David Mitchell, an Albemarle County resident in the White Hall District, said that this was not about 25 percent slopes, family ordinances or access by emergency vehicles.  This was about not building another single family home in the rural areas again. He was not totally opposed to that, but the County can’t take people’s property rights without proper compensation.  The only thing he has heard that makes sense is the transferable development rights because it compensates people for what you take.  It is fair and the private market place can help compensate these people without the tax dollars having to go into it.   If the driveways have to be built on 10 percent slope, then they might as well make the waivers for 10 percent.  He opposed the 15 year period for family division due to the potential conflicts, particularly in a divorce situation.  It is not American to take things from people without proper compensation.

 

Paul Garden agreed with the owner of Edgehill and other property owners that the proposal should not be passed.  He wanted to pass his property on to his children.  He has been a good steward of his property for years and would like to have the opportunity to continue doing so.  The County should not take away their rights to pass their property on to their children.  He has owned his property for over 50 years. It is unfair to take away property rights.  The 25 percent slope is not enough. 

 

Phillip Davis said that he owned 10 acres with Doris Bruce in White Hall.  This property would not meet the proposed critical slope requirements. They would probably not be able to build on the property or sell the property.  The last time the property was appraised it went up 40 percent.  This proposal would now make his property worthless.  He agreed with Roger Ray that this proposal should not be passed.

 

Morgan, of Southern Albemarle Law Center recommended the critical slopes for Board of Supervisors approval.   Despite preserving Rural Charlottesville Tomorrow’s research process, this proposal has important improvements to cut down on the ways critical slopes are now being disturbed.  He urged that the Commission recommend these changes to the Board.

 

Jay Willard, representative for Blue Ridge Homeowner’s Association, said that they don’t oppose the nature of what was being done, but that they have some serious concerns.  The language is not clear as written and they have come up with some possibilities.  They want to take some time to rethink these things.  The staff has come up with some changes since yesterday. There have been a lot of improvements made.  What they were hearing tonight from the residents was that there were some other things with this proposal that could use more consideration and more clarify about what waivers might be and what issue should be discussed here.  They urged the Commission to take careful consideration of the proposal and defer the proposal tonight.   The Homebuilders would be happy to work with staff to help find ways that things could be built and still address the critical slopes.  They are very concerned about preserving environmental impacts, but don’t’ want Albemarle County to become an undesirable place to build.  There are ways to build on critical slopes that don’t contribute to massive erosion.  Tonight when he got out of his car and walked up to this building the slope from the lower parking lot is greater than a 25 percent slope.  The County does have a driveway coming down that slope with adequate engineering to do that.

 

Paul Beyer, representative of R. L. Beyer, said that they were the developer of Ashcroft.  They have other rural property in the County.  He agreed with Mr. Willard that this needs to be deferred for further study. 

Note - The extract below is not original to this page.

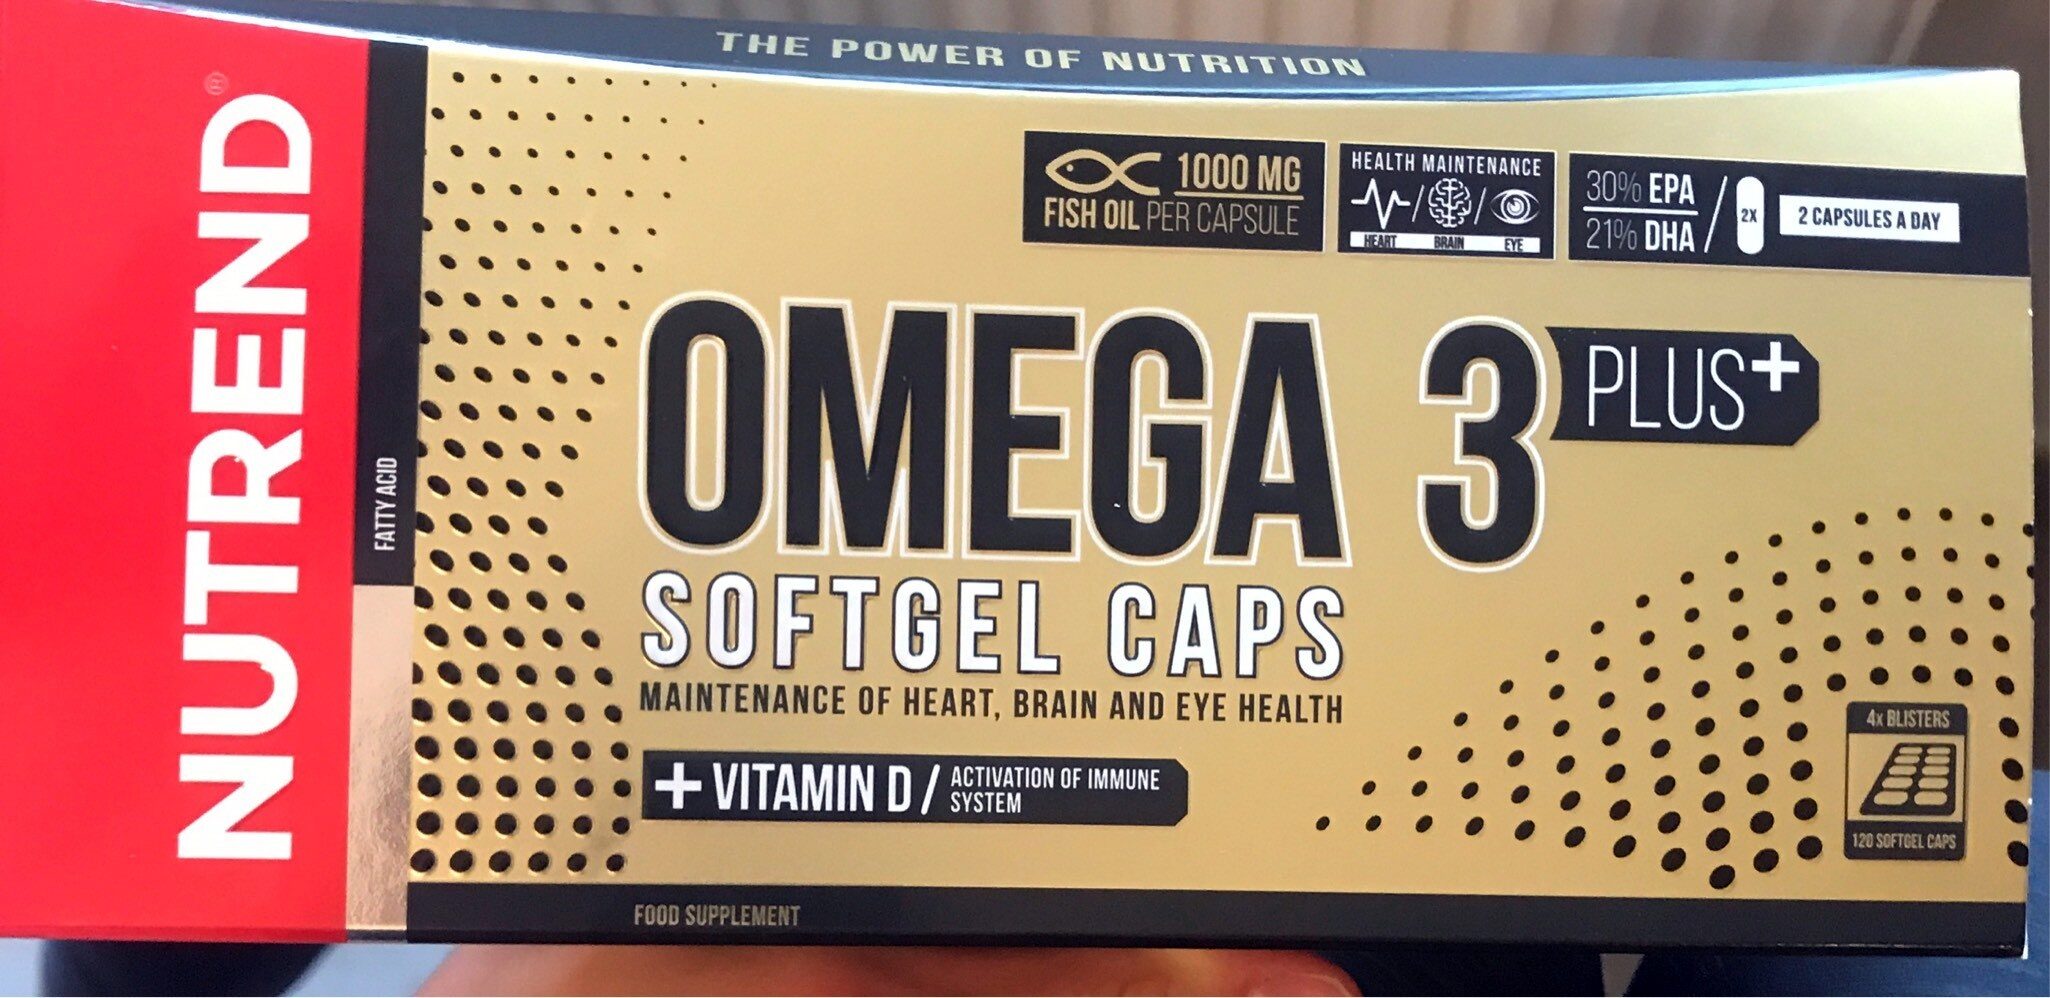 Omega 3 Plus Softgel Caps - Product - cs

He could not say at this point whether it was a good or bad thing because what it is intended to accomplish intended or otherwise they don’t really know.  He has spoke with Ms. McDowell over the last week.  The major changes made over the last week by staff from phone calls makes it clear that this thing needs more study due to its impact on everybody.  This thing needs more study and a broader analysis.  This proposal has not been looked at by the broader community, which includes the mortgage lenders.  Staff has said that they have not looked at mortgage lending community and major builders.  The family division changes are blaring.  The 15 year limitation is a deed description and is going to present problems with the lenders.  The critical slope waiver process needs more analysis.  To have to come before the Planning Commission is a waste of time.  He asked that this not be a political football and that it should not go to the Board until further study was done.  Therefore, he asked that the Commission defer this item.

 

Stuart Kessler said that a poll that shows that people don’t want anything in their back yard does not impress him.  A poll that says that we don’t want anything in your backyard impresses and scares him.  It was either Mark Twain or his mother that said the road to hell is paved with good intentions.  What they are looking at is good intentions.  But, he felt that the County was going after the wrong people.  There have been policies that occurred in the ‘80’s that restricted what they could build.  A lot of developers went out and received zoning approval and subdivision approvals, which is what the County is dealing with now.  It is something that they are now reacting to.  He asked that the Commission please reconsider going after the wrong people.  He has owned his land for over 25 years and has been a good steward of the land.  He opposed the 15 year restriction on family division that would take away property rights and put burdensome restrictions on the land, particularly with mortgage lenders.

 

Joe Flamini, retired policeman, said that he was an engineer for 30 years and Chairman of the Sierra Club for 3 years.  Looking at pictures of a muddy creek does not impress him.  Any couple of flat lots will put a lot more residue into a stream.  He has been a good steward of his land and has respected the 45 percent slopes on his property when building.  He opposed the family division changes.  He asked that if approved that the County at least provide some grandfathering because he has owned his property for 27 years.  He asked the Commission to reconsider this.

 

Marianne O’Brien, resident of Bateville, agreed with Mr. Flamini 100 percent.  She was glad that staff agreed to change the proposal to allow maintenance after her email.  Maintenance is important because on her property in Batesville there was no where else to put a septic if it failed. It would have to be modified on a slope.  Over ½ of her property would be considered critical slopes.  She did not see the County reducing her property taxes in a corresponding amount.  They were going to charge her as if her property was useable.  The County was just going to tell her that she could not use it.  She was very concerned when she read the proposal on line today because it did not take maintenance out.  Therefore, the changes must have been made since lunch.  She asked that they add grandfathering for people that already have homes and to make it so they could maintain and replace if necessary our driveways and septic fields. Otherwise they have just rendered her entire home worthless.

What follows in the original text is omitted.